事業を取り巻く環境の変化を市場全体の視点から分析する
ある商品のマーケティングミックス戦略を考えていく上では、当該商品のライフサイクルに沿って考えるばかりでなく、関連する商品を扱う事業全体との兼ね合いから、また、イノベーションが普及していく過程の位置関係、業界の状況や関係する事業者や消費者との関係等から総合的に判断することが、本来必要なことである。一般的には、以下の視点で事業を取り巻く環境の変化を捉えていことになる。
- イノベーションの視点 (イノベーター(冒険的)、アーリーアダプタ(尊敬の対象)、アーリーマジョリティ(慎重派)、レイトマジョリティ(懐疑派)、ラガード(=のろま、因習派))[1]
- 業界と5-Forcesの視点 (先端業界、多数乱戦業界、成熟業界、衰退業界)×(買い手との関係、供給業者との関係、代替品との競争要因、既存競争業者との競争要因、新規参入業者との競争要因)[2]
- 事業に対する VRIO “Value、Rare、Inimitable、Organization arrangement to execute Strategies” [3]
自社の財務状況を分析する
様々に打つべき戦略を考え上で、それ以前に、事業の財務状況がどうであるかを冷静に捉えて判断することが必要である。

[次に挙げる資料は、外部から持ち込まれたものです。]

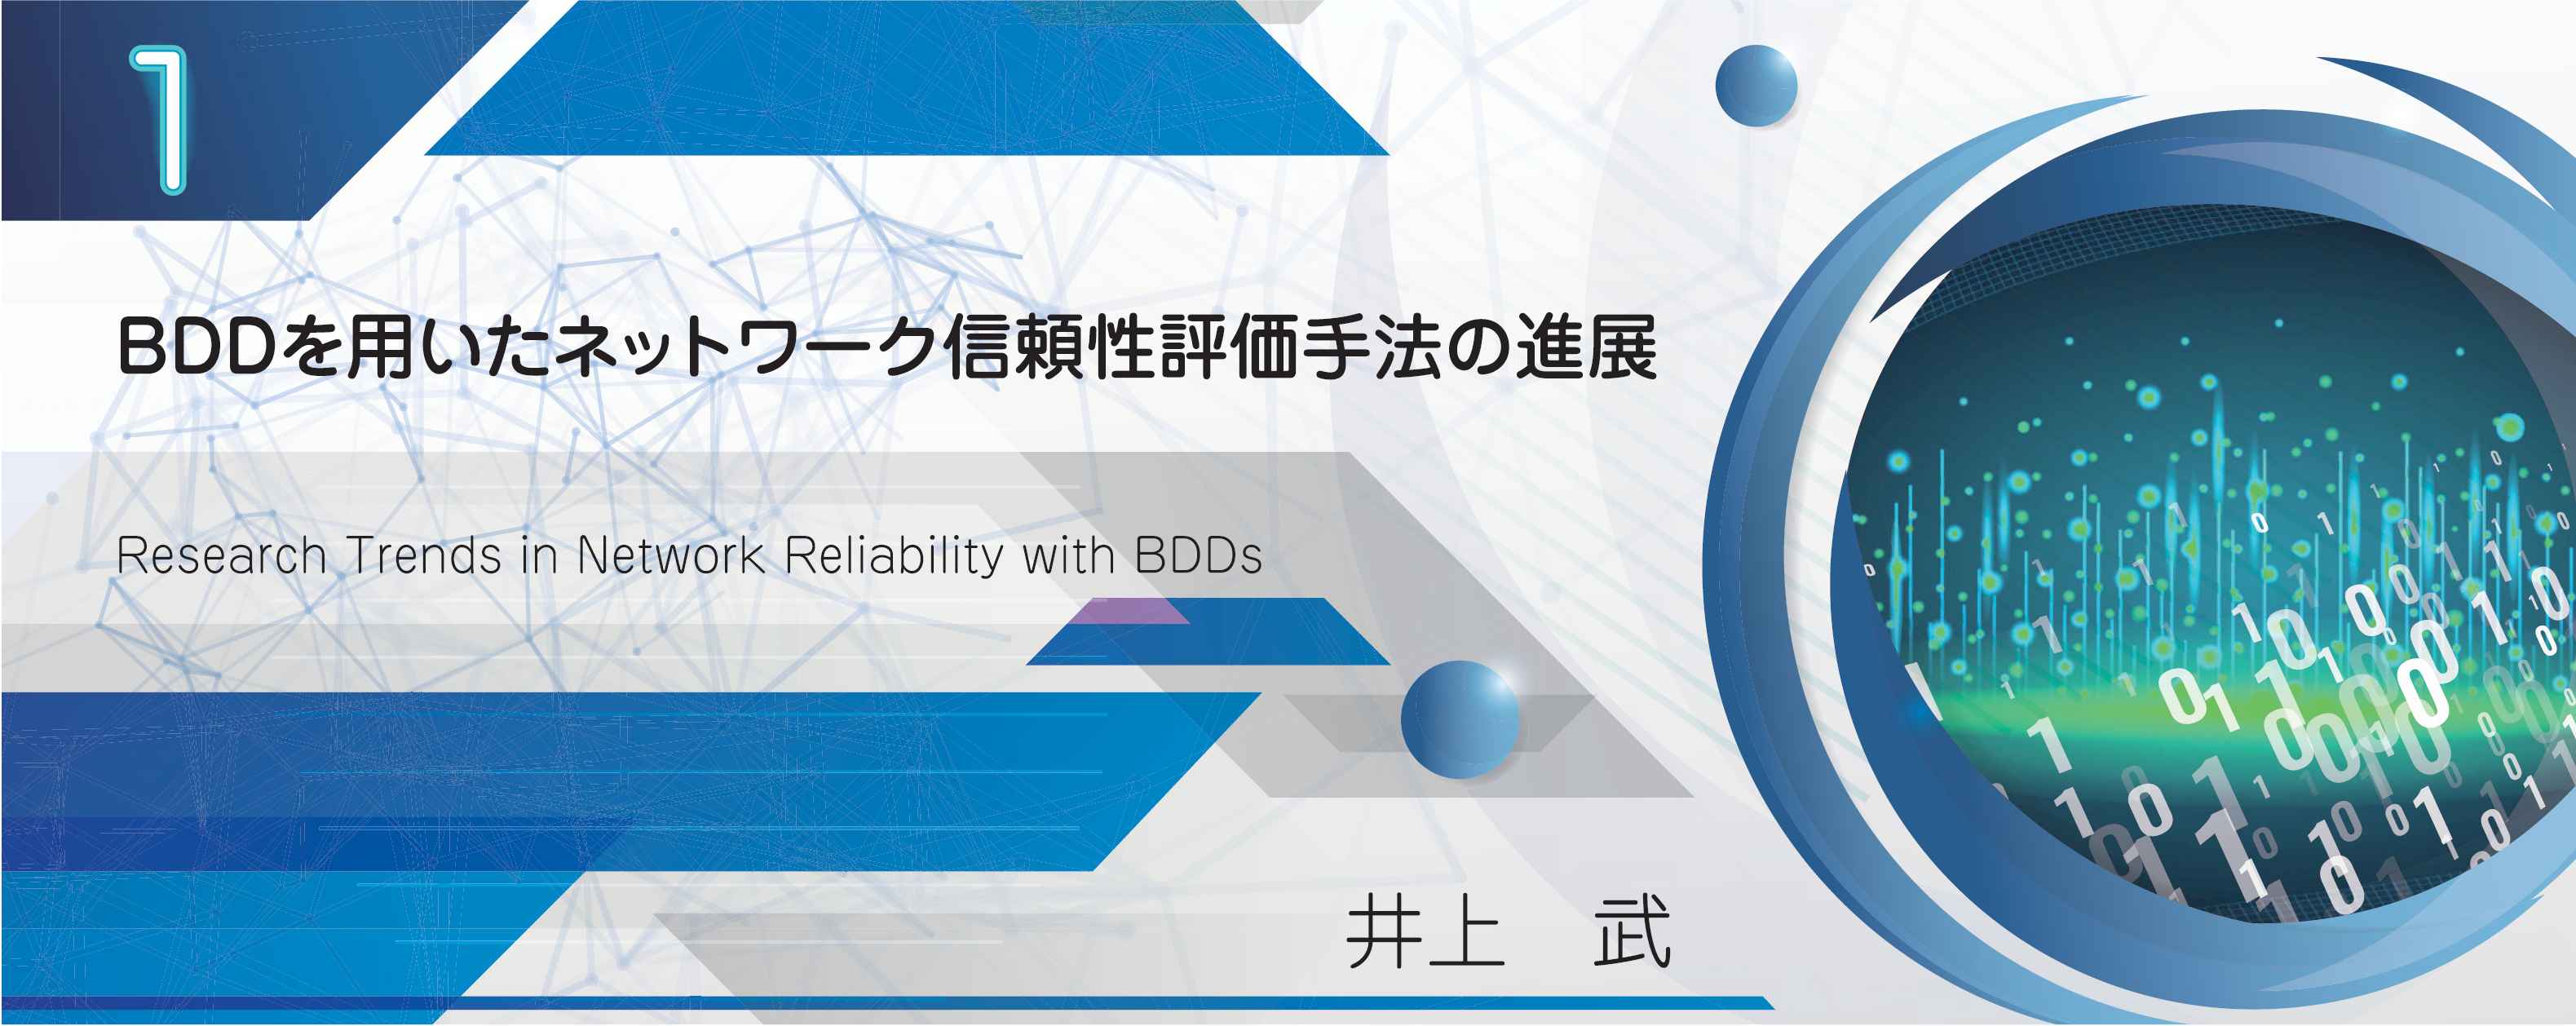 特別小特集 1. BDDを用いたネットワーク信頼性評価手法の進展 Research Trends in Network Reliability with BDDs 井上　武

- 売上(特に、損益分岐点売上高)、利益(特に、粗利益、営業利益、貢献利益)
- 売上高成長率、利益率(粗利益率、営業利益率)
データから読み解く市場の変化と商品戦略を展開する上での論点
現実的には、更に踏み込んだ視点から市場を分析して、もっと正確な見通しを立ててビジネスチャンスを活かし、また、様々なリスクを回避していかなければならない。具体的には、日本の自社業界にカタストロフィーは起こるか、この商品の日本の販売量はどこが上限か、何故この商品の市場規模はこれだけなのか、このモデルの寿命はどれくらいか、この商品、このままだといくら売れるか、多角化戦略を採用できずに生き残れるか、安全は売り物になるか、自社の類似分野に進出すべきか、といったことを捉えて商品戦略を展開していくことが経営の意思決定の際には求められる。
市場の変化とマーケティングミックス戦略を考える
商品を取り巻く環境を市場全体の視点から戦略を考える
- マーケティングの3Cの視点 “Customer、Competitor、Company”
- 商品に対する SWOT “Strength、Weakness、Opportunity、Threat”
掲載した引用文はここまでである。